Strategies, Weakened State Capacity and Fragmented Identities3
It is no doubt true that, in some cases, deregulation of
internal markets and foreign trade, as well as the reduction of the role of the state in
the economy, has permitted people to gain new freedom of action. Nevertheless it is
important to think carefully about how patterns of social change under conditions of
continuing economic crisis and adjustment are affecting the capacity of societies to
provide a minimal framework of stability and justice, within which people can interact
Over the past several decades, the efficiency of modern
institutions has been severely eroded by the combined impact of economic crisis and
free-market reforms in many Third World countries. Particularly in Africa, it is not too
much to say that prolonged recession seems to be reversing the process of modernization
which was the hallmark of post-independence development. The school systems, health
services, public enterprises and government agencies established to support construction
of national economies and secular, national societies are all too frequently in ruin.
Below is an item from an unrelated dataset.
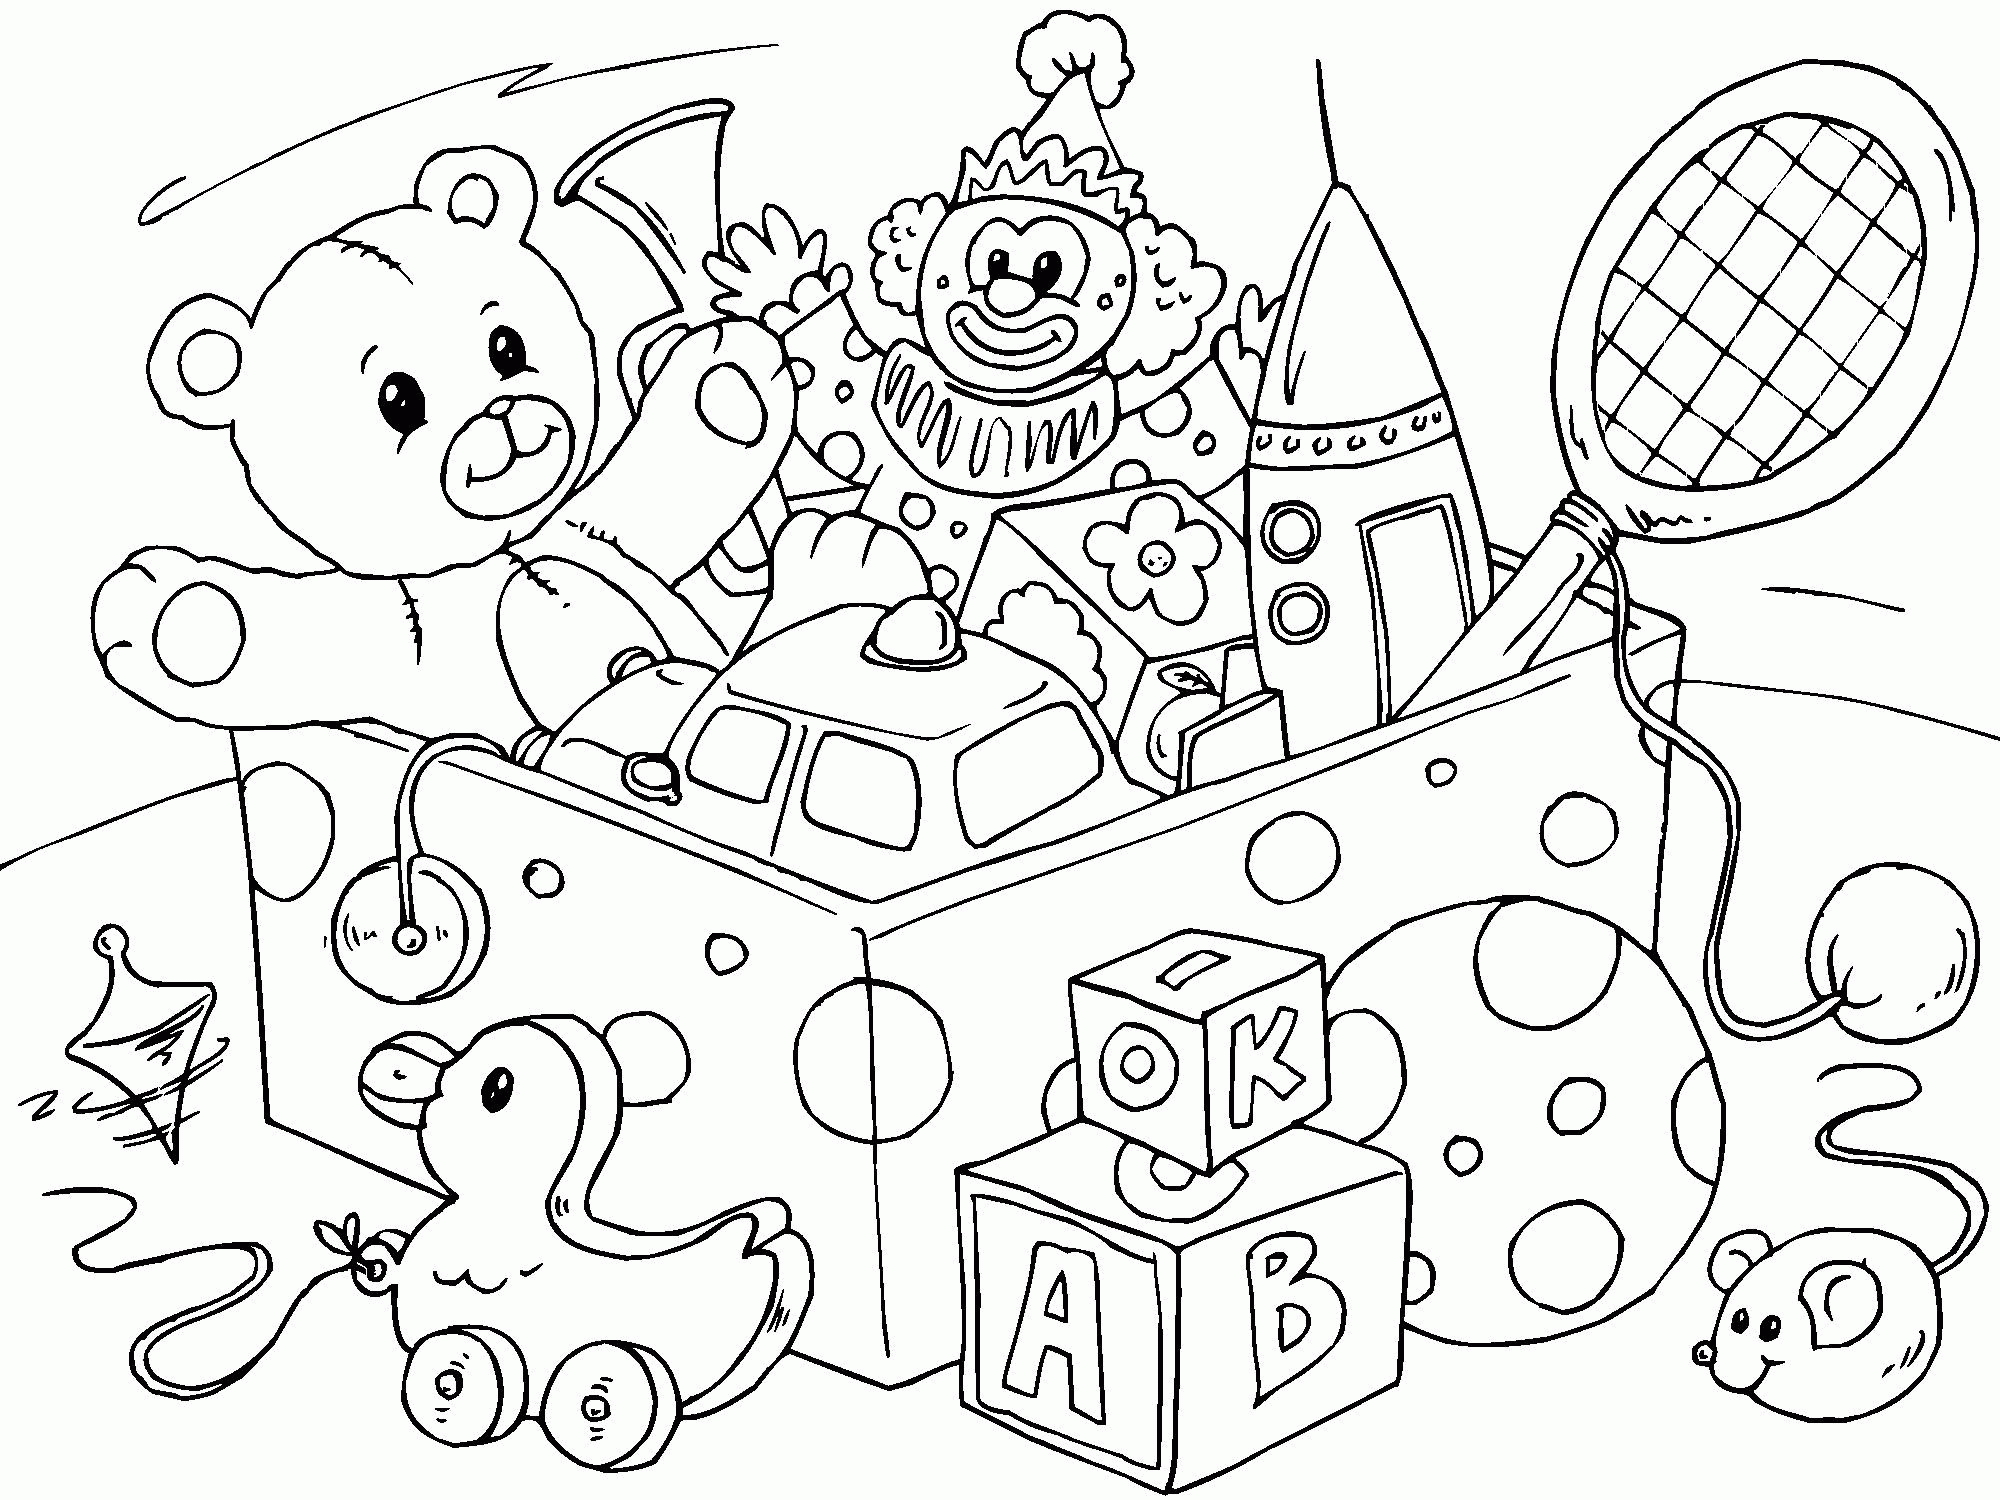 Coloring page toys - img 22821.
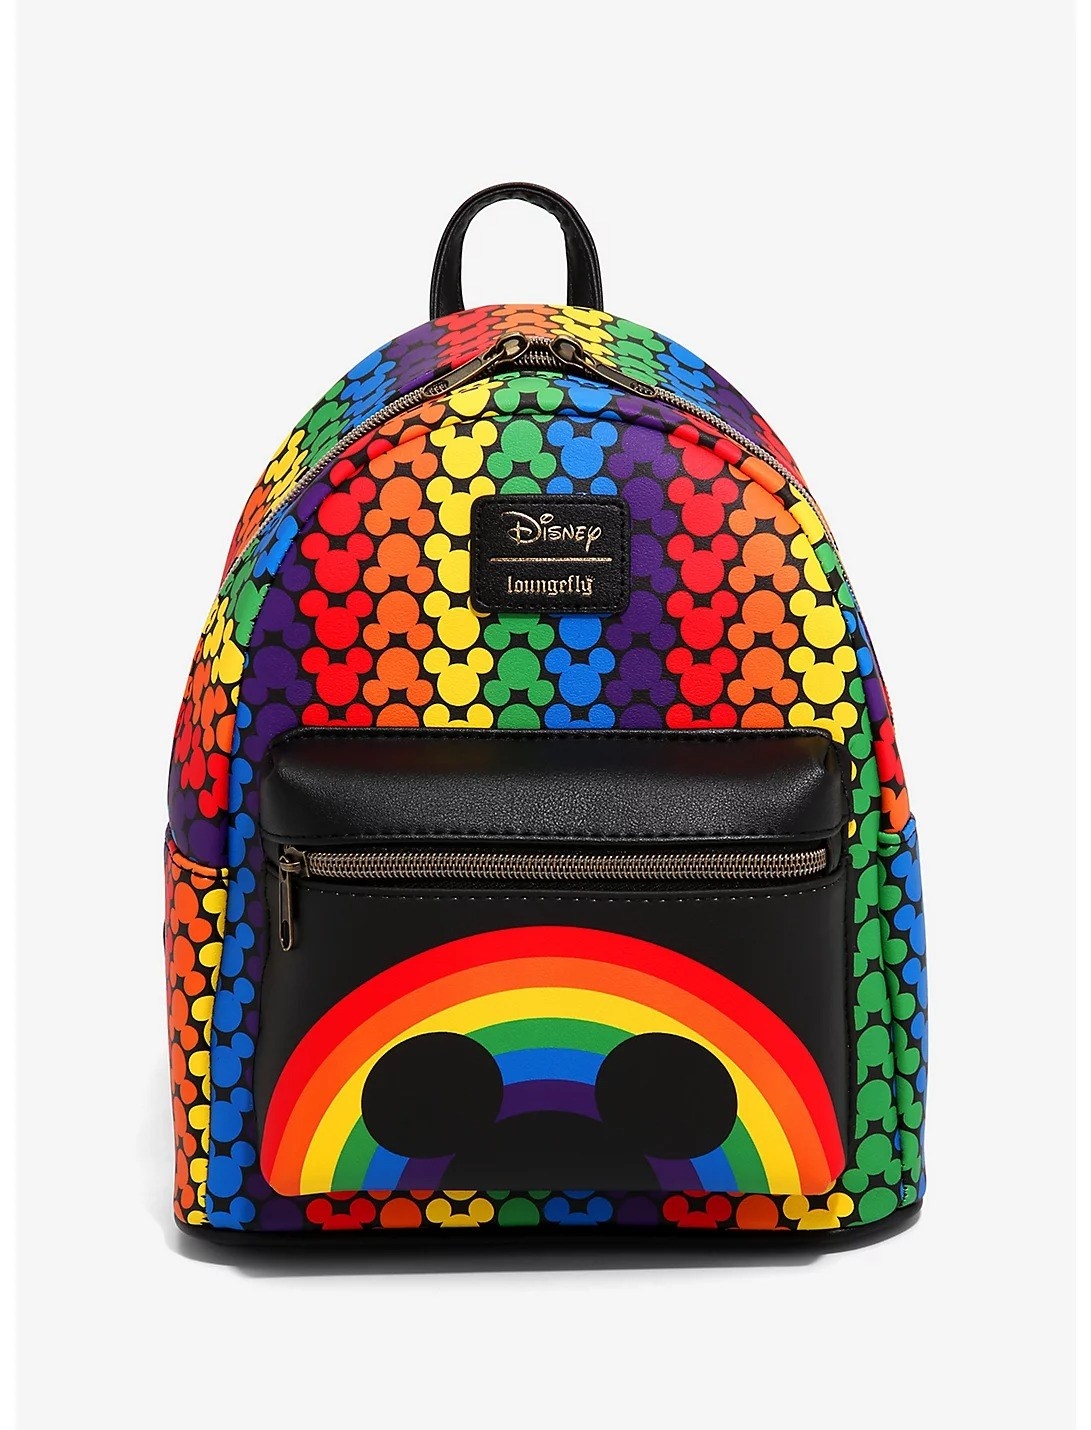 A mini backpack with allover mickey head shape print in rainbow colors

Furthermore the coping strategies adopted by many
different kinds of people, as they confront severe challenges to livelihood, reverse
earlier trends toward occupational specialization. Workers and civil servants in Africa,
for example, are increasingly devoting a part of their time to farming on the outskirts of
their towns, or in the countryside. Teachers and nurses in many countries now opt to
supplement miserable salaries by opening small shops, selling street foods, and so forth.
Professionals may drive taxis. Such diversification of activity requires devoting
attention and time to a number of concerns in different places. This affects the quality
of work and weakens the commitment of employees to the institutions they serve.
Multiple survival strategies also weaken the kinds of
institutions which modern societies have developed for the defence of group interests.
Trade unions, farmers' associations, mutual insurance societies and so forth depend for
their effectiveness on the commitment and financial support of their members. As
professional or workplace identity erodes, however, and as the interests of members become
more diffuse, these institutions lose much of their ability to represent their
constituents in formal bargaining processes.
Although it is often noted that strong "vested
interests" can block needed reforms, it is also true that weak interest group
representation can make it harder for governments to design an effective response to
economic crisis. In the first place, dialogue between policy makers and key sectors of the
society becomes more difficult; and agreements on issues such as wage and price restraint
even when drawn up are less likely to be kept. This kind of problem stands
behind many of the failed efforts to forge pacts in support of stabilization programmes in
African and Latin American countries during the 1980s.
In the second place, growing fragmentation and
diversification of interests in response to crisis affect the coherence of the economic
planning process itself. It becomes very difficult to predict the impact of policy on the
behaviour or life chances of different groups when the latter are extremely heterogeneous.
Thus, for example, the benefits of targeted credit schemes intended to assist small
enterprises in the urban informal sector quite frequently find their way into the hands of
the middle class. Or incentives designed to promote one form of behaviour within a part of
the population may in fact promote an entirely different one. This has, of course, always
been an unresolved problem in economic policy-making; but it is particularly acute today.
Finally, the erosion of a structure of modern interest
groups in many indebted Third World countries affects the strength of political parties
and thus the capacity of political systems to create stable governing coalitions. Violent
and unorganized protest is likely to take the place of more formal bargaining procedures
when a growing part of the population does not feel represented by any intermediate level
As many states lose both capacity and legitimacy, there
has been a resurgence of regional, religious and ethnic movements, most particularly in
Africa and the former Soviet bloc. Sometimes people reactivate traditional ties for very
practical reasons: they are the only available way to fill the gap in social service
provision left by the withdrawal of the national government. Thus in villages in
Guinea-Bissau, for example, the crisis of the modern educational system has forced parents
to rely on Koranic schooling. And for many impoverished city dwellers in West Africa,
herbalists, soothsayers and religious sects are once again becoming a popular alternative
to modern medicine.
On a deeper level, however, the sharp sense of uncertainty
and insecurity generated by recession and restructuring by the threat of
unemployment, the collapse of wages and the deterioration of public services
provides fertile ground for fundamentalism. And the growing fragmentation of livelihood,
as households explore multiple survival strategies, is likely to reinforce the need to
reassert primordial loyalties.
Finally, it should be remembered that the pronounced
widening of income differentials within many countries over the past few decades has
played a significant role in weakening broader networks of social interaction and
solidarity. The poor tend to be poorer now, not only in absolute but also in relative
terms as some members of society have been able to take advantage of the unusual
new opportunities created by free-market reforms. Frequently there is a marked cultural
dimension to this process of polarization. The most lucrative activities often involve
growing involvement in international markets and integration into global consumer culture.
In consequence, the bases of national culture (often of recent creation in Third World
societies) are narrowed and challenged.
3 This section is based on Yusuf Bangura, Economic Restructuring, Coping
Strategies and Social Change: Implications for Institutional Development in Africa,
Discussion Paper No. 52, UNRISD, Geneva, July 1994.